Have you talked to your Dr. about depression? This is where I was (crying daily) over things in my life and I got hormone replacement for menopause plus and anti-depressant and while I still haven't resolved all my issues, I am SO much less miserable it is night and day. It is horrible for your health to be this unhappy.



drakeness said:


> I broached the topic with my husband, and he was less than receptive. He is worried about the risk (so am I) and thinks the financial risk is too great. He also indicated that he would expect us to fire our twice monthly house cleaner, and that I would take on burden of doing all vacuuming, dusting and toilet scrubbing. I told him I was able to keep that in the budget and that I wanted to focus all my energy on finding a job. I also didn’t want to become the person responsible for all the chores simply because I wasn’t working, because my job would be to FIND a job. He said that was probably a deal breaker.


I have a couple thoughts here - He either does understand or does not care how serious this is. Considering he's a man, I'm going to give him the benefit of the doubt and just tell you that it seems to be a male trait to simply not take their partners complaints seriously is said partner is willing to continue to accept whatever it is they are complaining about. 

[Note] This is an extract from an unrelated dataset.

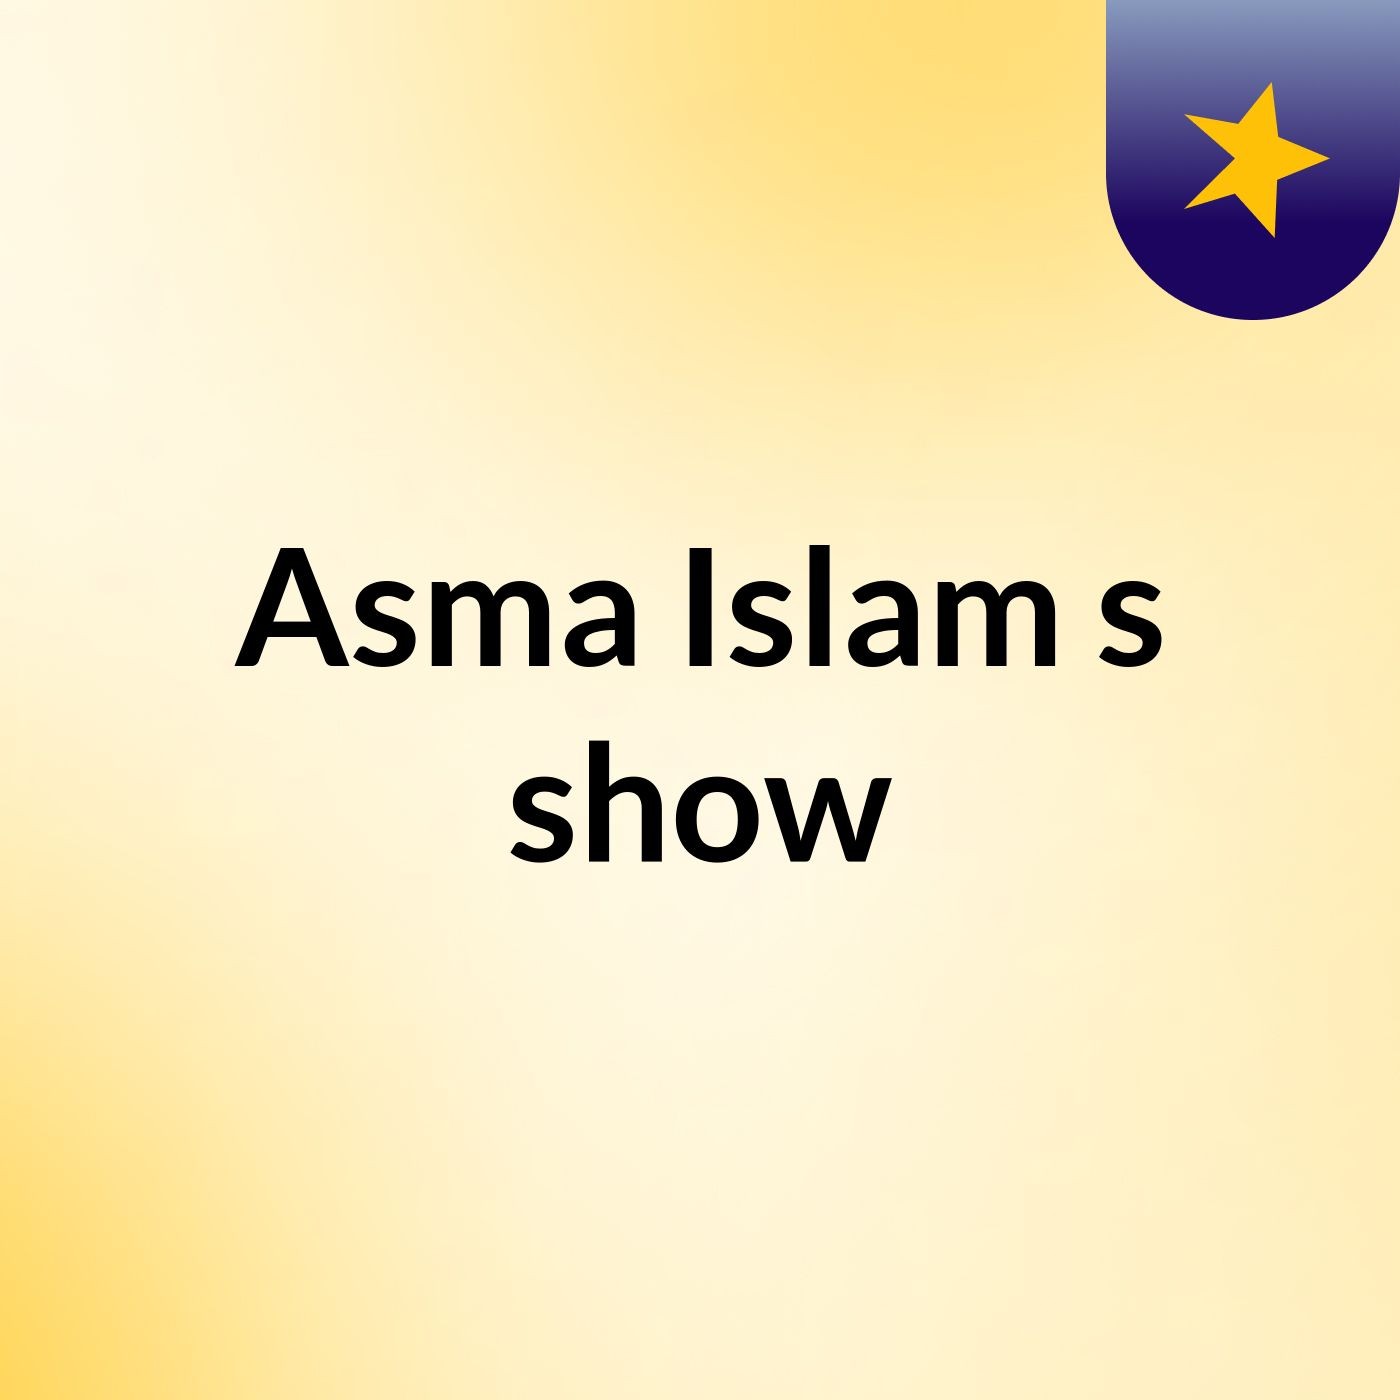 Asma Islam's show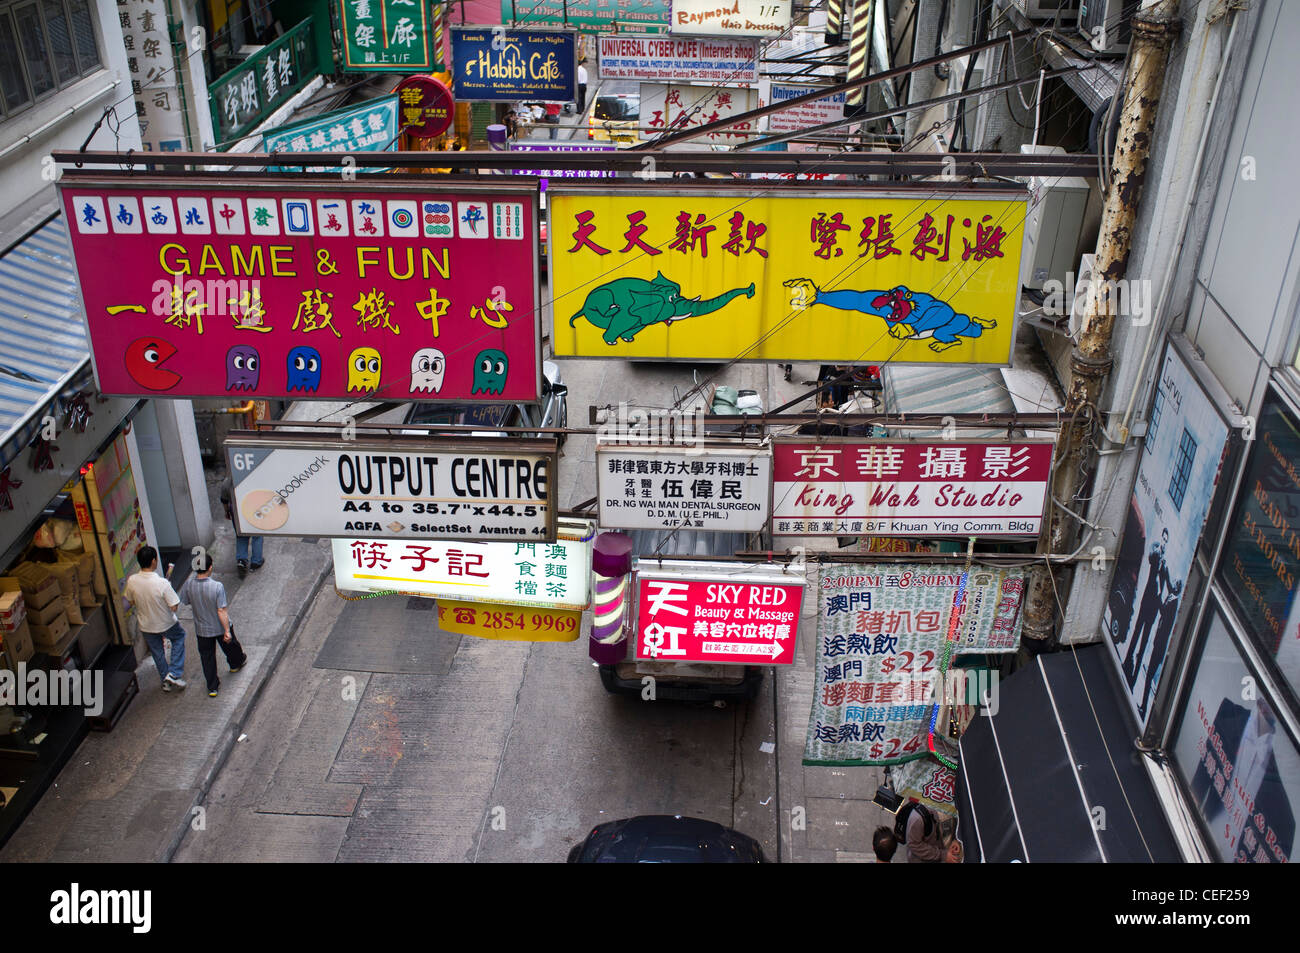 dh Midlevels CENTRE DE LA RUE DE HONG KONG scène chinois panneaux publicitaires calligraphie et publicité anglaise poster publicitaire asie panneau publicitaire écriture Banque D'Images

My other thought - I find it rich that you are so miserable and he's got who cleans the house as a "deal breaker." But I also see his point of view. How much time does your house keeper spend every 2 weeks? I'm a terrible housekeeper so maybe I just don't get it - but how long does it take to vacuum the house, dust, and clean the toilets? Maybe you are afraid of splitting your attention between house upkeep and job search, but is job searching REALLY a full time job? Also, how much does she cost and how tight is your budget. And of course even if you say that you will take on what she has been doing while you're unemployed, is he really going to start expecting more from you as in "drakeness is just sitting around the house all day, she can run all these errands..."



drakeness said:


> Here’s where my thoughts are. I feel like he is placing my economic worth (both my earnings and chores) over my mental well-being.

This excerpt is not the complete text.